Hope the above guide is useful to other fans of Quake II. Here's some background on how I discovered this approach.
I love Quake II to death and have played it a zillion times, but I've always struggled to get the brightness right. Fresh installs of the game are way too dark on most systems, and the built-in brightness controls have nasty trade-offs discussed below. I also have not had much luck with driver-level gamma controls. (Drivers vary in the level of control they provide, and some old cards don't support gamma correction at all, so I don't see this as a viable solution.)
I've never understood why Quake II is so dark and murky to begin with. Quake III Arena doesn't have this problem! My guess is that Quake II was developed and tested on old video cards and drivers that rendered textures very differently. Maybe someone more familiar with Quake II's engine technology can shed more light on this (pun intended).
Anyway, I recently embarked on a fresh playthrough of the game and arrived once again at this scene:
Something is clearly wrong here. Look at the lava. See how washed out the texture is? There's no way it's supposed to look like that.

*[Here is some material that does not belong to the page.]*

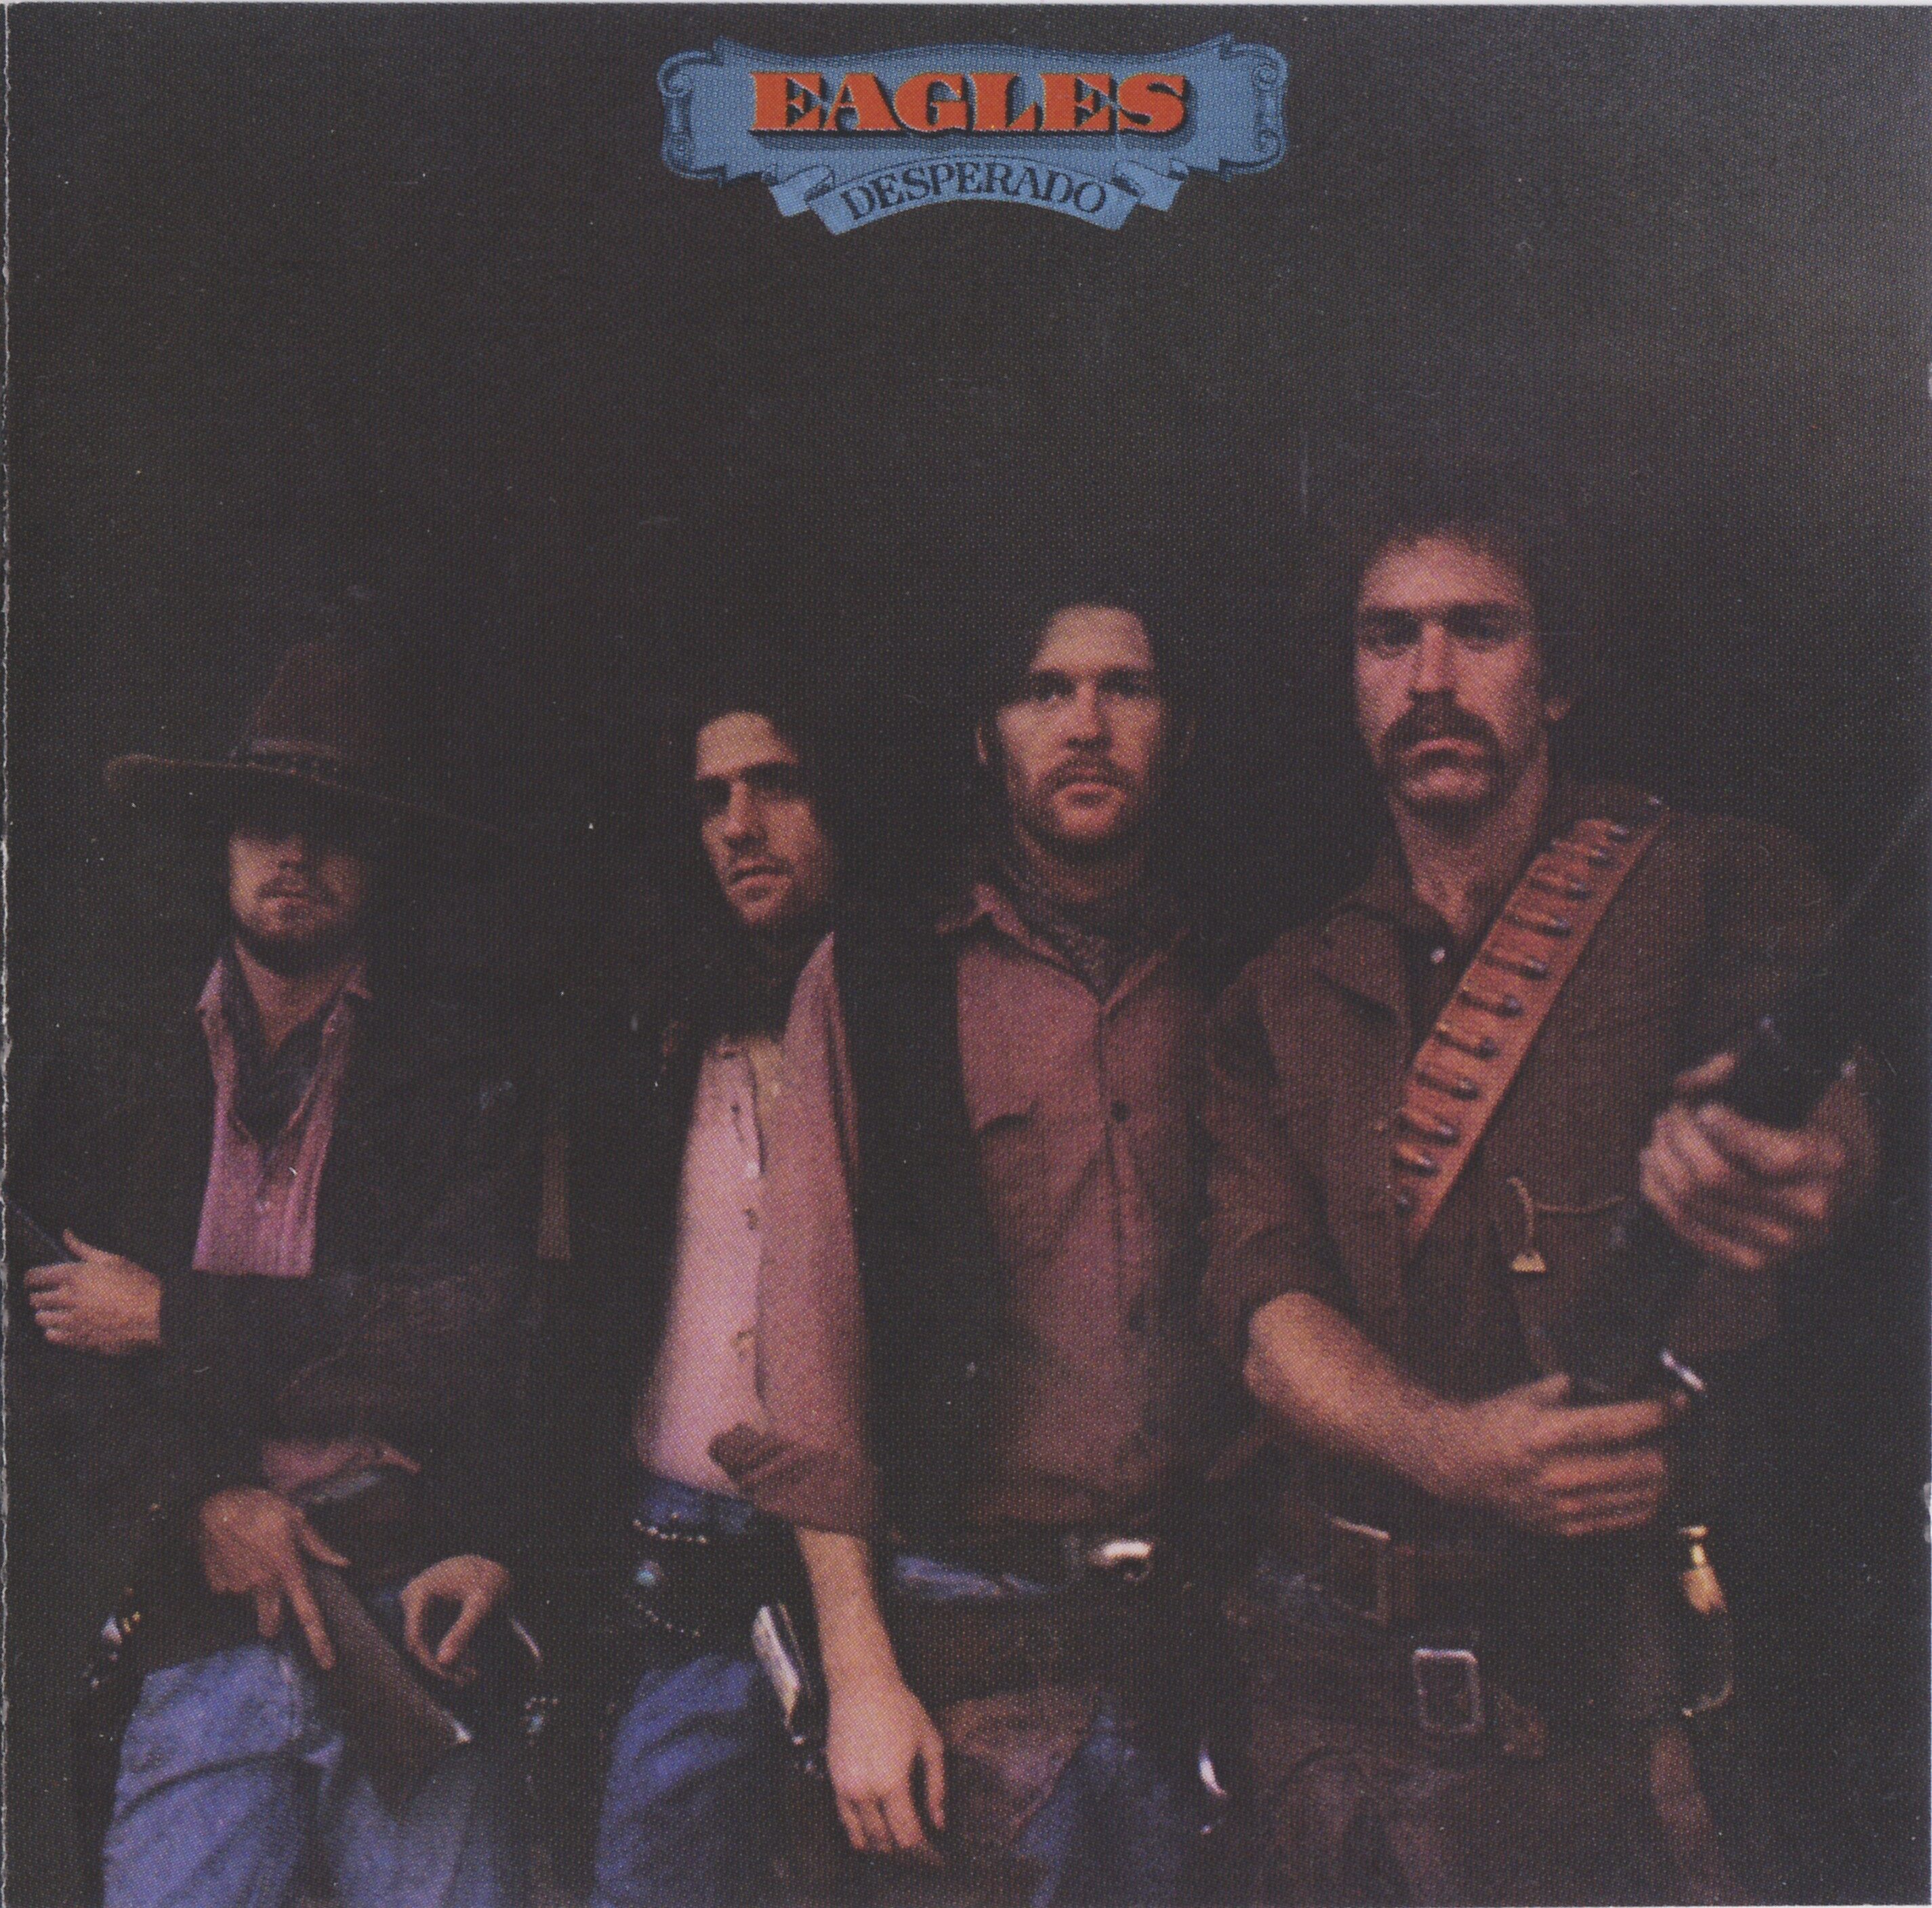 ซีดีเพลง CD 1973 - Eagles - Desperado,ในราคาพิเศษสุดเพียง159บาท

I tried messing with the three console variables I knew about: vid_gamma, gl_modulate, and intensity. The only way I could fix the lava was by setting intensity to 1.0:
Now the lava looks right, but the rest of the scene is waaaaay too dark. What about the other two variables? Here's what different values of vid_gamma look like with intensity set back to 1.0:
(left to right: 1.0, 0.8, 0.6, 0.4, 0.2)
UI elements start to look washed out at any value below 1.0, so this doesn't help us much.
What about gl_modulate? Here's what different values look like for that variable:
(left to right: 1.0, 2.0, 3.0, 4.0)
This seems like a good solution at first, but it turns out that high gl_modulate values severely compress the lightmap's dynamic range. There's a good write-up here that explains how the variable works and why it sucks. The loss of dynamic range is most apparent for objects (including the gun model) that are placed in dark areas:
So, another no-go. I propose that the optimal values for these three console variables are as follows:
So, how do we get the game to look right? As in, not too dark and not too bright? This is where Q2Gamma comes in. This is basically the Quake II equivalent of idGamma, a must-have gamma correction tool for GLQuake which is also way too dark out of the box (and also lacks in-game brightness controls of any kind).
I don't know exactly what Q2Gamma does. It doesn't touch the game's existing PAK files, so it must make the game apply brightness and contrast filters to the textures at runtime. Here's what the game looks like with Q2Gamma's built-in TNT preset:
Nice and colorful, but way too bright for me. Quake II is a gritty game: some areas are supposed to be dark. Q2Gamma makes the whole thing bright. Part of the problem is that it automatically sets gl_modulate to 4.0 (!). It also sets intensity to 1.0, though, which is telling. I think it's pretty clear at this point that the default intensity value of 2.0 is straight wrong; wonder how this got to be the default.
This is good, though. We now have a tool that can make Quake II brighter without blowing out the UI elements. What happens if we dial back the settings in Q2Gamma? I played around with this a bit, and finally arrived at the values listed in my first post.
Much better! I think this is about as close to the intended Quake II look as we are likely to get, at least without resorting to a source port. The lava looks right, the UI elements are nice and vibrant and not washed out, the lightmap has its full dynamic range, and the overall brightness level seems natural. The only drawback I've noticed is a loss of detail on some bright textures (e.g., Bitterman's arms and hands), but this is pretty minor and I think I can live with it. I'll definitely be using this fix from now on.